Pela primeira vez, a Fundação Beyeler transformou o seu museu e o seu parque numa mostra experimental, onde obras individuais estão interligadas com o acervo, criando uma visão extremamente ousada e sedutora.

Começou como Summer Show, alterou-se logo para Dance with Daemons, em seguida foi Home of the Stranger e agora, enquanto escrevo, leio no site da Fundação que está anunciada como The Lateness of the Hour.
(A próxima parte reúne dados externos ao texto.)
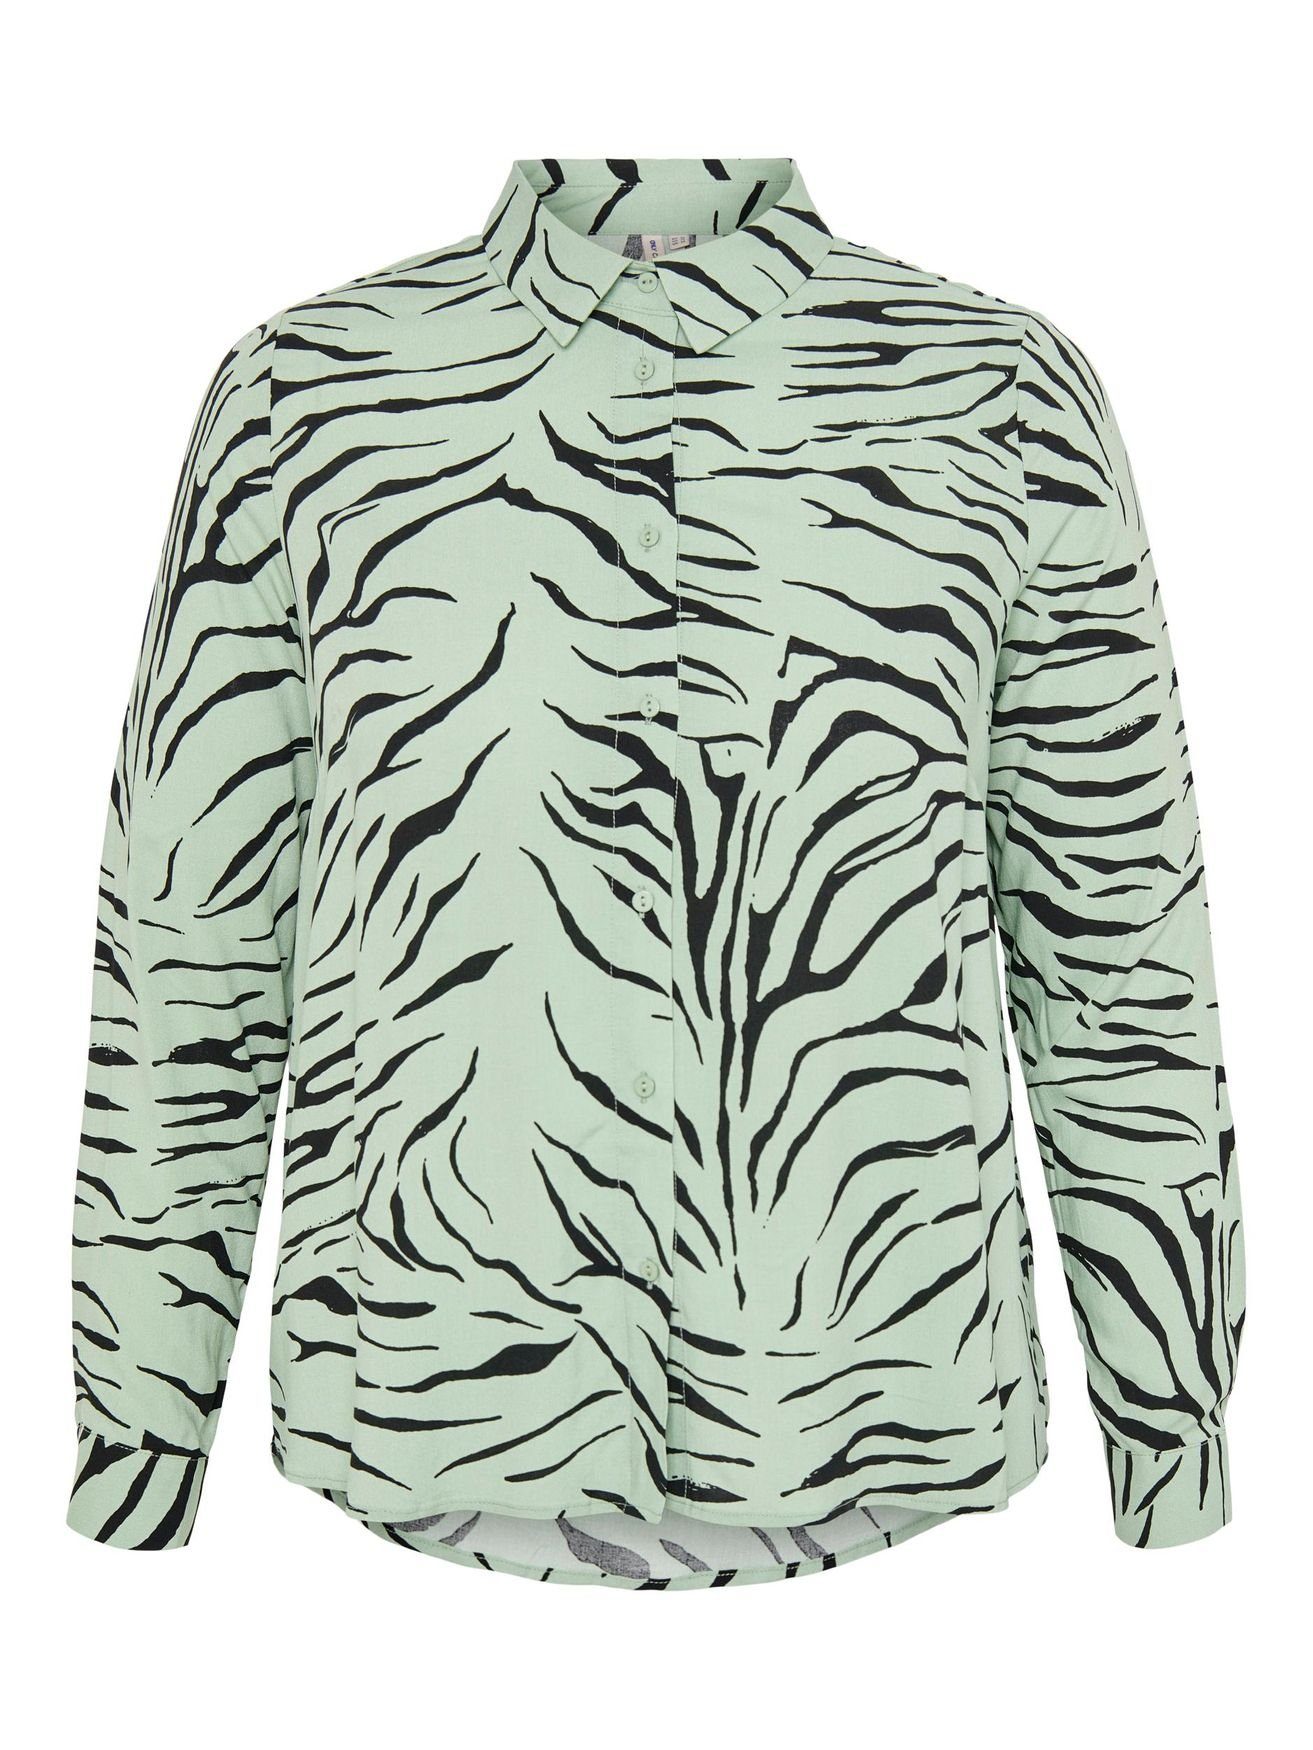 ONLY Hemd Animal Plus Bluse Übergrößen in Blusenshirt CARMAKOMA 4804 Zebra CARNOVA Size Grün Shirt

E outros virão: Melting Mirrors, Echoes Unbound, Ghost Dreams, All My Love Spilling Over

Nunca se viu uma exposição trocar tanto de título, mas neste caso a comunicação assume plenamente a sua diferenciação; inclusive, a mostra não se incomoda de todo com os paradigmas fixos aos quais estamos acostumados e dentro dos quais funciona a maioria das instituições do mundo, receosas por não terem uma bom impacto ou uma qualquer recepção satisfeita em termos de público.

Estamos em Basileia, onde a Fundação Beyeler apresenta – formalmente até ao dia 11 de agosto, mas quem sabe se essa data de encerramento será mesmo verdadeira – a melhor exposição de 2024 até agora – isto é, de acordo com a minha opinião, a qual já discuti com vários colegas que não acharam o Summer Show (eu gosto de chamá-la assim) uma exposição bem resolvida. Porém, após a sociedade líquida que já está gaseificada, digam-me: quais são os padrões para definir uma mostra “solucionada”?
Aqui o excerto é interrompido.